Risk-Adjusted Performance

11 of 100

 
Low
 
High
Good
Compared to the overall equity markets, risk-adjusted returns on investments in Mfs Emerging Markets are ranked lower than 11 (%) of all funds and portfolios of funds over the last 90 days. In spite of fairly strong technical and fundamental indicators, Mfs Emerging is not utilizing all of its potentials. The current stock price disturbance, may contribute to short-term losses for the investors.
Ashmore Emerging Markets 

Risk-Adjusted Performance

11 of 100

 
Low
 
High
Good
Compared to the overall equity markets, risk-adjusted returns on investments in Ashmore Emerging Markets are ranked lower than 11 (%) of all funds and portfolios of funds over the last 90 days. In spite of fairly strong technical and fundamental indicators, Ashmore Emerging is not utilizing all of its potentials. The current stock price disturbance, may contribute to short-term losses for the investors.
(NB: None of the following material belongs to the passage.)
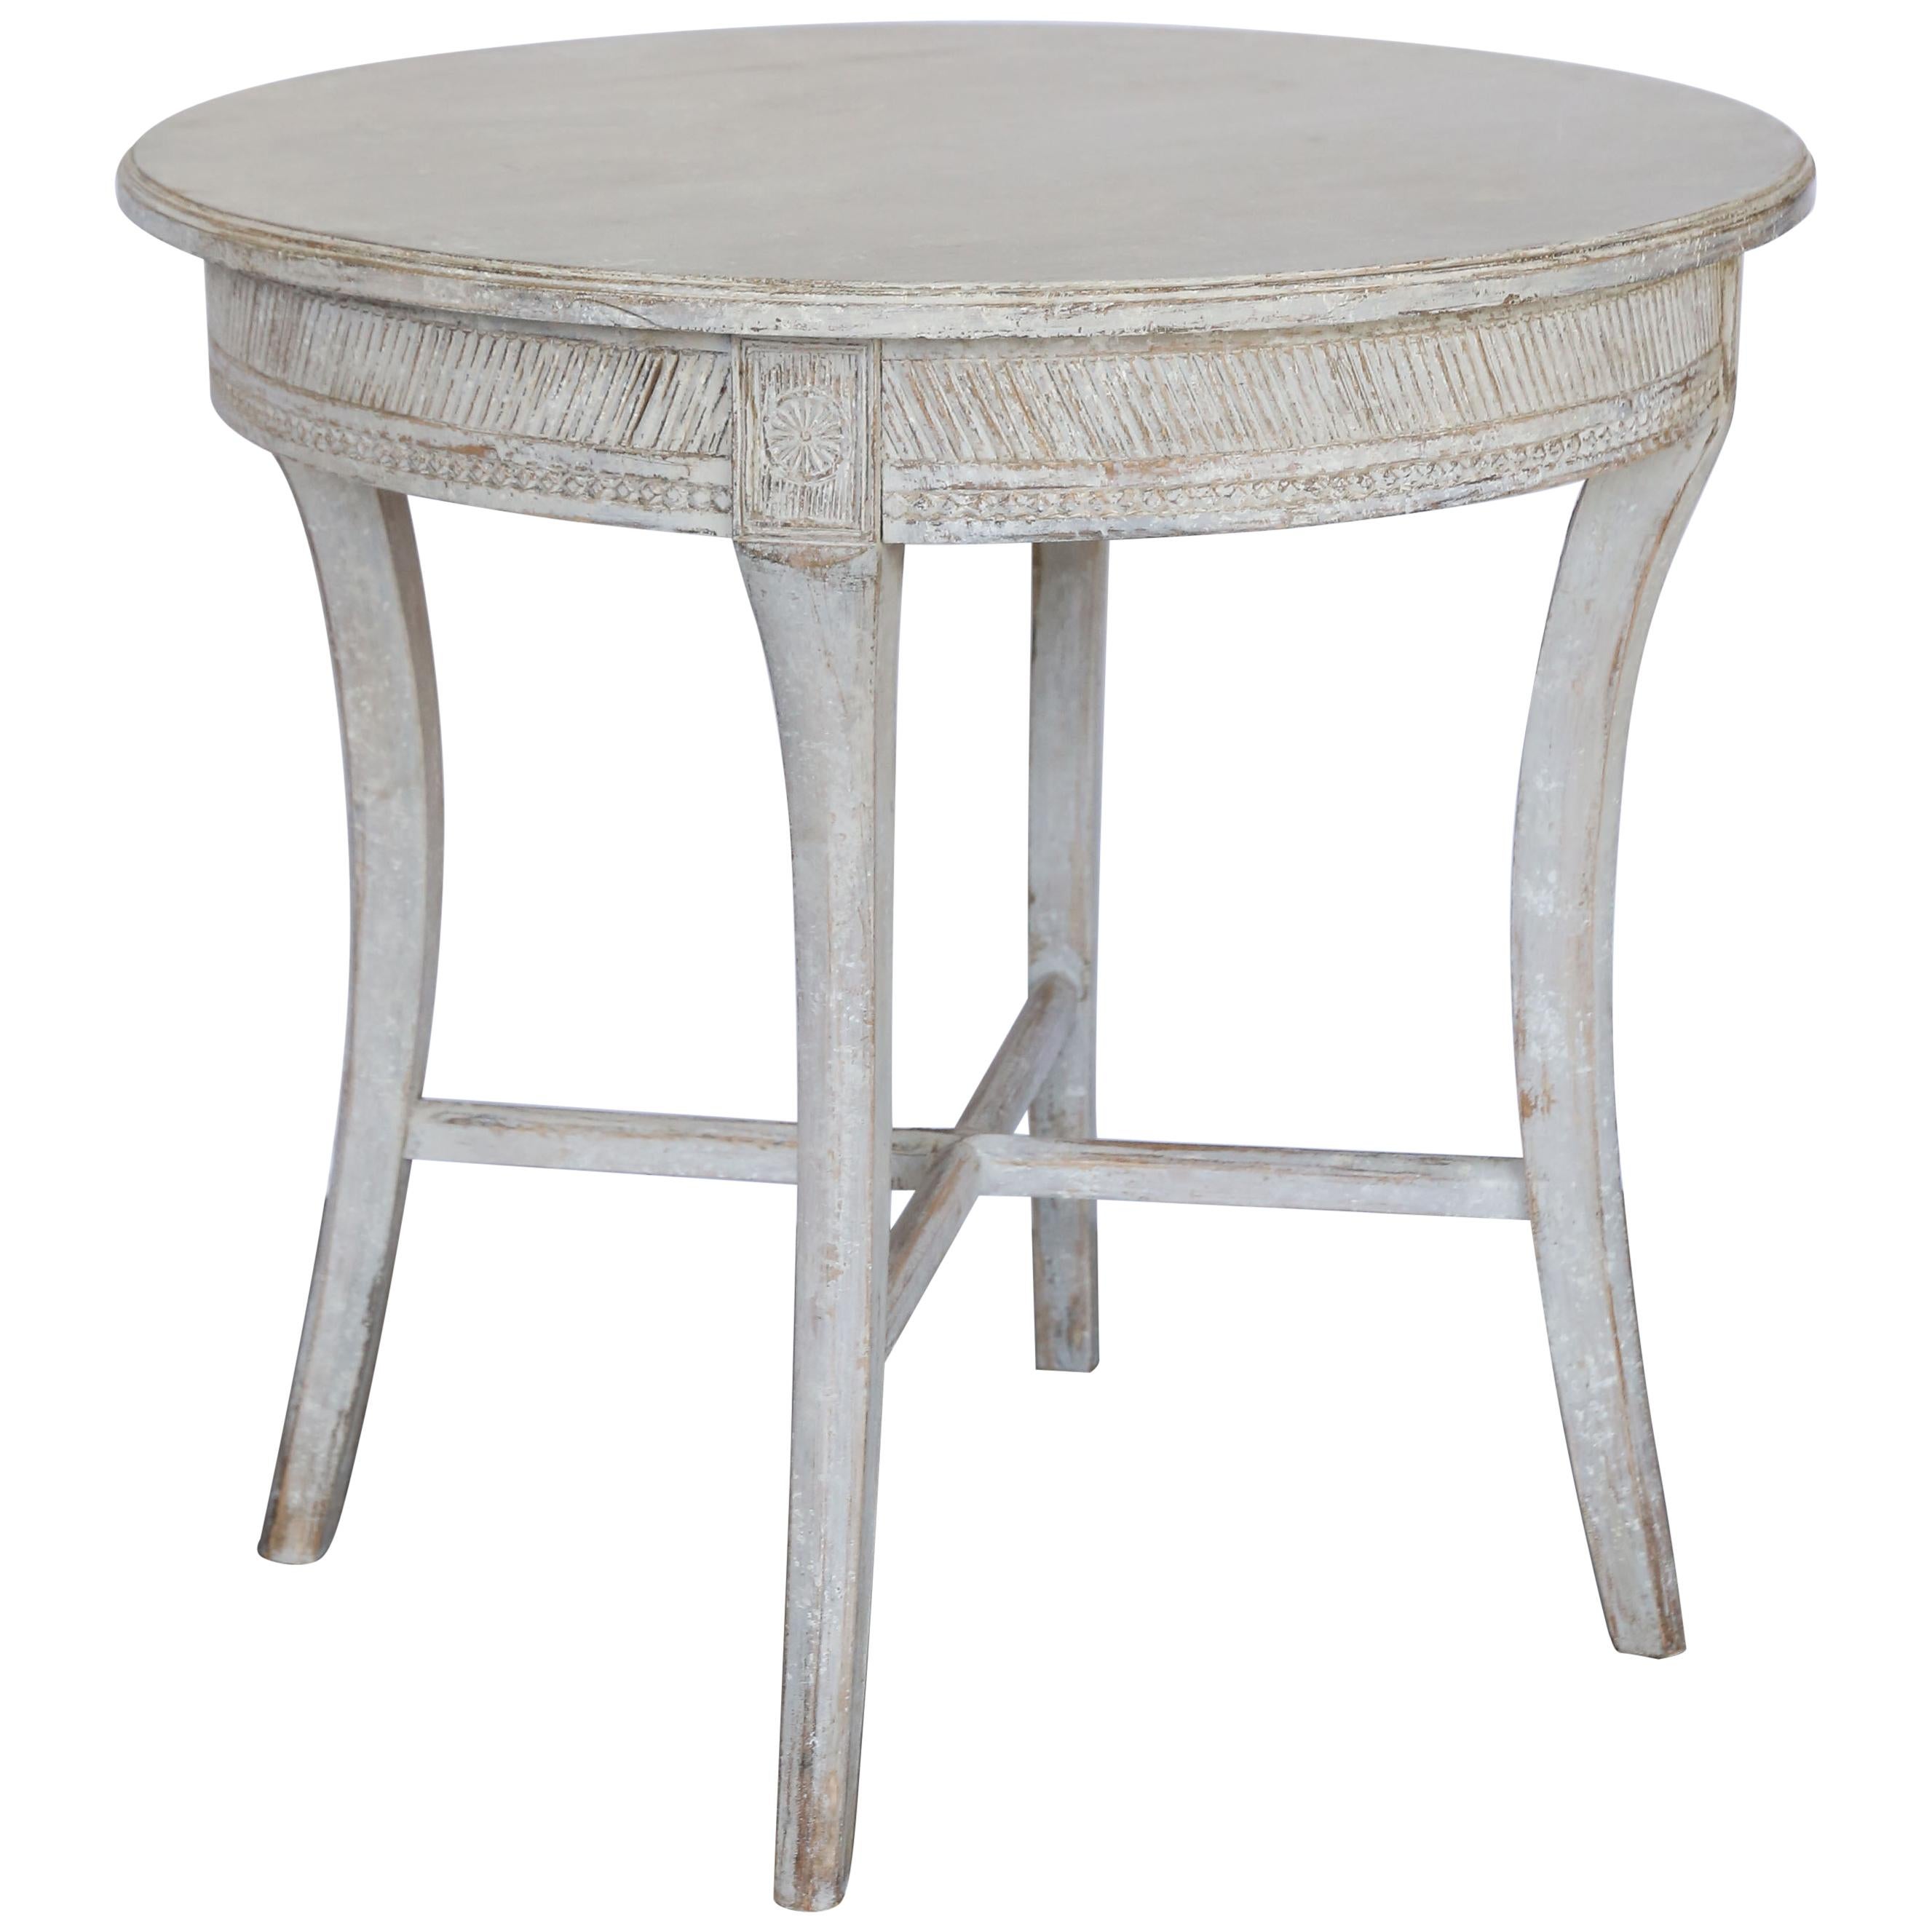 19th Century Round Gustavian Table For Sale

Mfs Emerging and Ashmore Emerging Volatility Contrast

   Predicted Return Density   
       Returns  

Pair Trading with Mfs Emerging and Ashmore Emerging

The main advantage of trading using opposite Mfs Emerging and Ashmore Emerging positions is that it hedges away some unsystematic risk. Because of two separate transactions, even if Mfs Emerging position performs unexpectedly, Ashmore Emerging can make up some of the losses. Pair trading also minimizes risk from directional movements in the market. For example, if an entire industry or sector drops because of unexpected headlines, the short position in Ashmore Emerging will offset losses from the drop in Ashmore Emerging's long position.
The idea behind Mfs Emerging Markets and Ashmore Emerging Markets pairs trading is to make the combined position market-neutral, meaning the overall market's direction will not affect its win or loss (or potential downside or upside). This can be achieved by designing a pairs trade with two highly correlated stocks or equities that operate in a similar space or sector, making it possible to obtain profits through simple and relatively low-risk investment.
Check out your portfolio center.
Note that this page's information should be used as a complementary analysis to find the right mix of equity instruments to add to your existing portfolios or create a brand new portfolio. You can also try the Commodity Channel module to use Commodity Channel Index to analyze current equity momentum.

Other Complementary Tools

Technical Analysis
Check basic technical indicators and analysis based on most latest market data
Portfolio Comparator
Compare the composition, asset allocations and performance of any two portfolios in your account
Fundamentals Comparison
Compare fundamentals across multiple equities to find investing opportunities
Sign In To Macroaxis
Sign in to explore Macroaxis' wealth optimization platform and fintech modules
Bond Analysis
Evaluate and analyze corporate bonds as a potential investment for your portfolios.